Verder zegt u: ‘De prismata lijken een lichte “asymmetrische exoforie” op te heffen.’ Maar de exoforie is volgens u juist gewenst. Het oog staat daarbij – als door het prisma de eigen poging tot beeldfusie is opgeheven – iets naar buiten. Wij zouden de volgende redenering echter ook kunnen volgen – en wellicht bedoelt u dat: de divergente (exofore) stand, opgeroepen door de vestibulaire dysregulatie, ontneemt de patiënt de visuele steun doordat dan dubbelbeelden worden gezien (de patiënt is mogelijk tijdens een Ménière-aanval niet in staat de exoforie ‘op eigen kracht’ te corrigeren). Het prismaglas helpt de patiënt om ondanks de divergente stand te fuseren en daarmee visuele steun te vinden. De exoforie wordt daarmee dus niet opgeheven, maar juist in stand gehouden.

Y.D. van Leeuwen
J.L. Baggen

Rotterdam, augustus 1994,

In de klinische les van Van Leeuwen en Baggen wordt de frequent voorkomende refractieafwijking hypermetropie (= verziendheid) behandeld. Wij steunen de auteurs in hun mening dat hieraan in de gangbare leerboeken te weinig aandacht wordt besteed, maar wij willen graag nog enkele punten verduidelijken. Hypermetropie is een brekingsafwijking waarbij het optisch systeem van het oog te zwak is. Het accomodatiemechanisme dat het ‘normale’ (emmetrope) oog gebruikt om dichtbij scherp te zien, zal het hypermetrope oog al gedeeltelijk gebruiken om in de verte scherp te zien; de klachten van mensen met hypermetrope ogen zullen daarom vooral betrekking hebben op het zien dichtbij: leesklachten en hoofdpijn (die samenhangt met lezen en toeneemt in de loop van de dag). Daarnaast kunnen patiënten ook komen met aspecifieke klachten van rode, jeukende, tranende en (of) branderige ogen. Kinderen hebben vaak geen klachten van hun hypermetropie, maar kunnen hierdoor wel convergent scheelzien en een amblyoop (lui) oog krijgen.

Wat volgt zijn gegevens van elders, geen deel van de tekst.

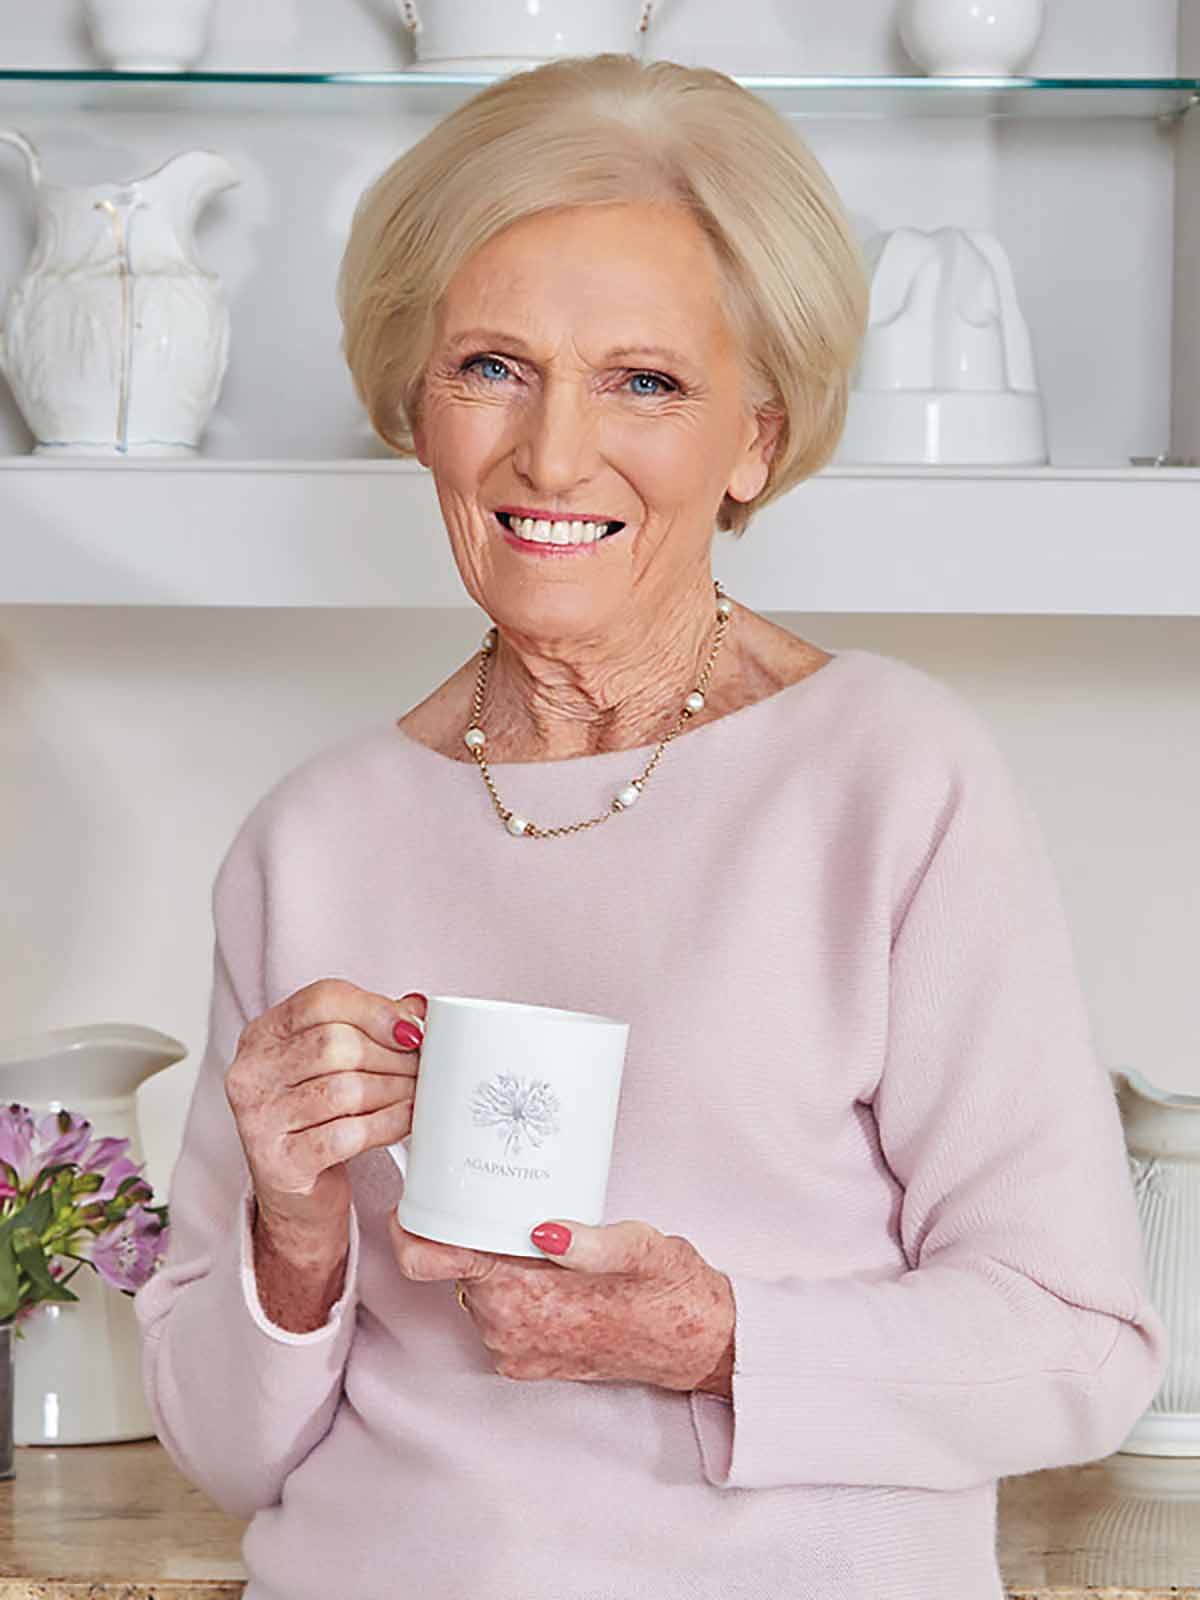 Mary Berry from The Great British Bake Off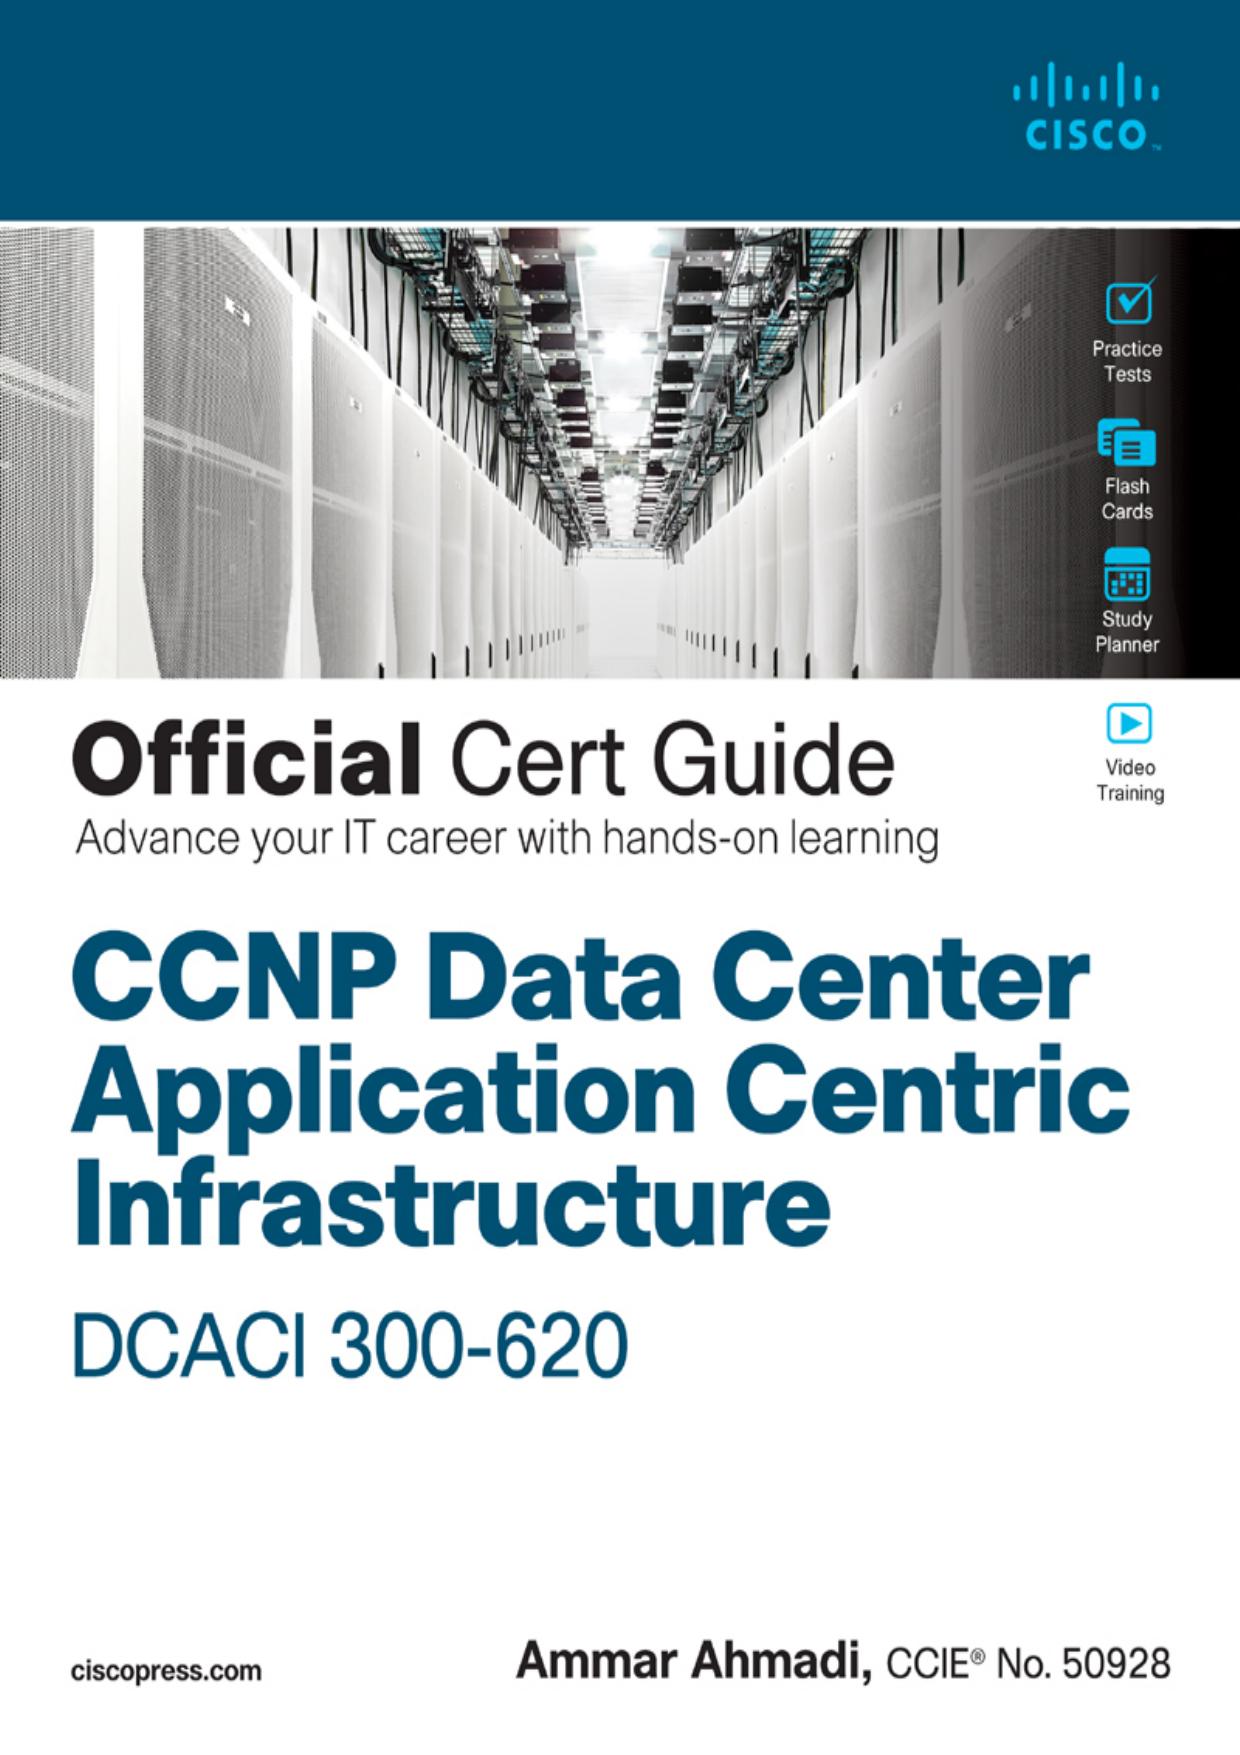 CCNP Data Center Application Centric Infrastructure 300-620 DCACI Official Cert Guide by Ammar Ahmadi

De diagnose ‘hypermetropie’ vereist een refractieonderzoek door een ervaren onderzoeker. Hierbij zal het vaak nodig zijn oogdruppels in de ogen te druppelen die het accommodatiemechanisme verlammen, waarna de refractie objectief kan worden bepaald door middel van skiascopie. Men zal ook rekening moeten houden met secundaire vormen van hypermetropie.

De huisarts kan de waarschijnlijkheidsdiagnose ‘hypermetropie’ stellen door een gerichte anamnese en door onderzoek van de visus in de verte en dichtbij. Indien de huisarts van mening is dat er geen andere (oog)ziekten in het spel zijn, kan hij de hulp inroepen van een optometrist/opticien; in alle andere gevallen ligt het voor de hand de patiënt te verwijzen naar een oogarts.